The first two types (Christ against culture and Christ of culture) can be viewed as two extremes, with the other three being types that find degrees of tension and conjunction between the two. Niebuhr identified with the fifth type: Christ transforming culture. (Even so, Hauerwas labels Niebhur “The Chaplin to Power.”) Stackhouse points out that those who gravitate to this type have tended to operate according to one of three modes: 1) converting individuals, 2) constructing Christian institutions (alternative institutions offered in the hope that they become sufficiently attractive that others are drawn to them) and 3) conquering existing institutions with legitimate power (the mode of liberal Protestants, liberation theologians, the religious right, and Christian socialists to name a few.) (29) I suspect that this fifth type is the one most American Christians would likely identify with.
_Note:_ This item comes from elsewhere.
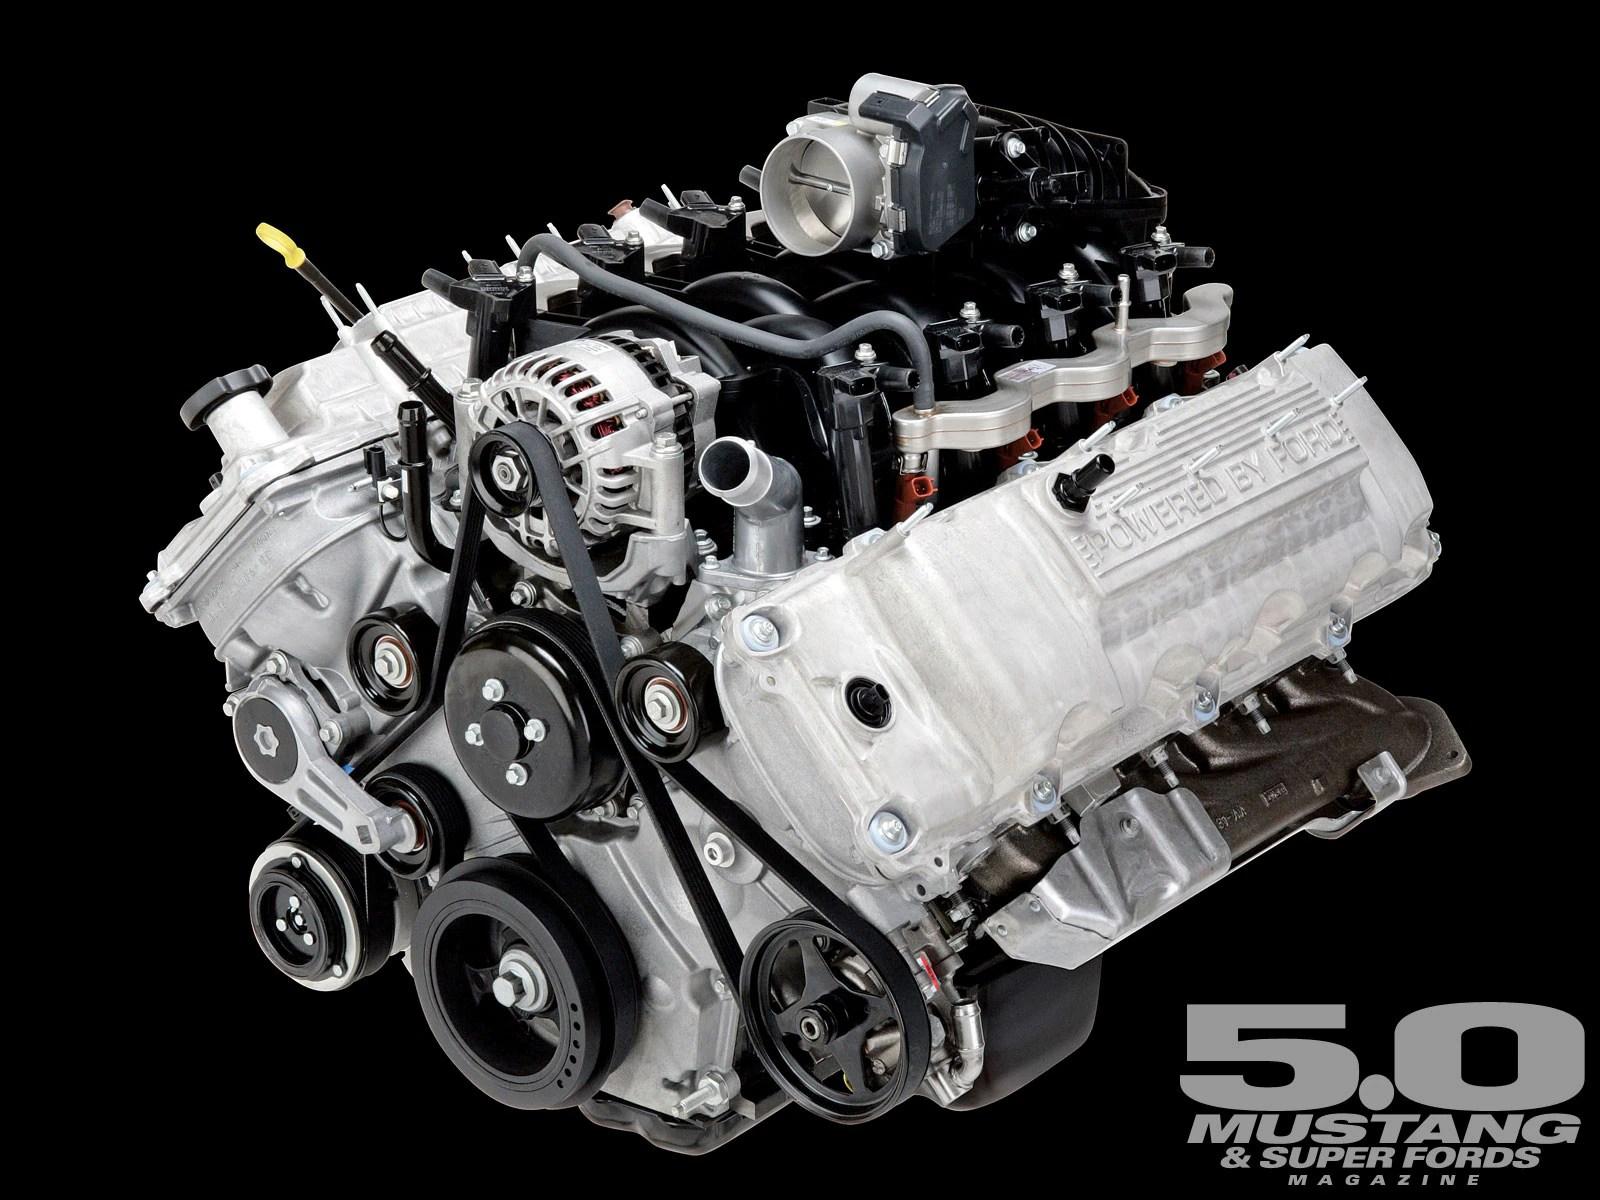 hight resolution of ford motor company 6 2 liter v8 engine big change

Stackhouse characterizes his position as a melding of four and five (Christ in Paradox with Culture and Christ transforming culture.) Four can rightly be criticized for becoming too accommodating to culture. Yet five often suffers from a manic hubris that debilitates achieving realistic levels of shalom. Somewhere between complacency and idealism is the right tension. This is what Stackhouse aims for.
The book can almost be divided into two books. Chapters 2, 3, and 4 review how C. S. Lewis, Reinhold Niebuhr, and Dietrich Bonhoeffer each struggled to relate Christ and culture in their work and lives. The book's second part does not build directly on these three vignettes but clearly dives into the issues highlighted by these scholars.
Echoing the sentiments of N. T. Wright in the book I reviewed yesterday, Stackhouse writes, "We do not go back to the garden, and we do not go up to heaven. We go forward to the New Jerusalem." (200) In some way, our efforts and energies in this life are redeemed and carried forward into the new creation. Unlike Wright, Stackhouse repeatedly connects this understanding and what it means for our work-a-day existence in the world. And he does so compellingly.
I can't tell you what a pleasure it was to read this book. I've often considered my "Christ and Culture" perspective a "radical realist." This was my way of capturing the tension between doggedly pursuing the greatest shalom within the confines of the knowledge that shalom cannot be fully consummated until the new creation. This ongoing tension in my life has led me to such ambivalent relationships with Evangelicalism, mainline Protestantism, and the emerging church. I rarely read a book that so clearly articulates the nuance and tension I see in living out the Christian life. There is too much here for me to summarize in this review.
The book is long and meaty but well-written. It is going on my shelf right next to Miroslav Volf's (who endorsed this book) Work in the Spirit and Darrel Cosden's A Theology of Work. (That means the Kruse book Hall of Fame.) Whether you are a Christian wrestling with culture or a pastor leading a congregation of folks who are, this is a must read!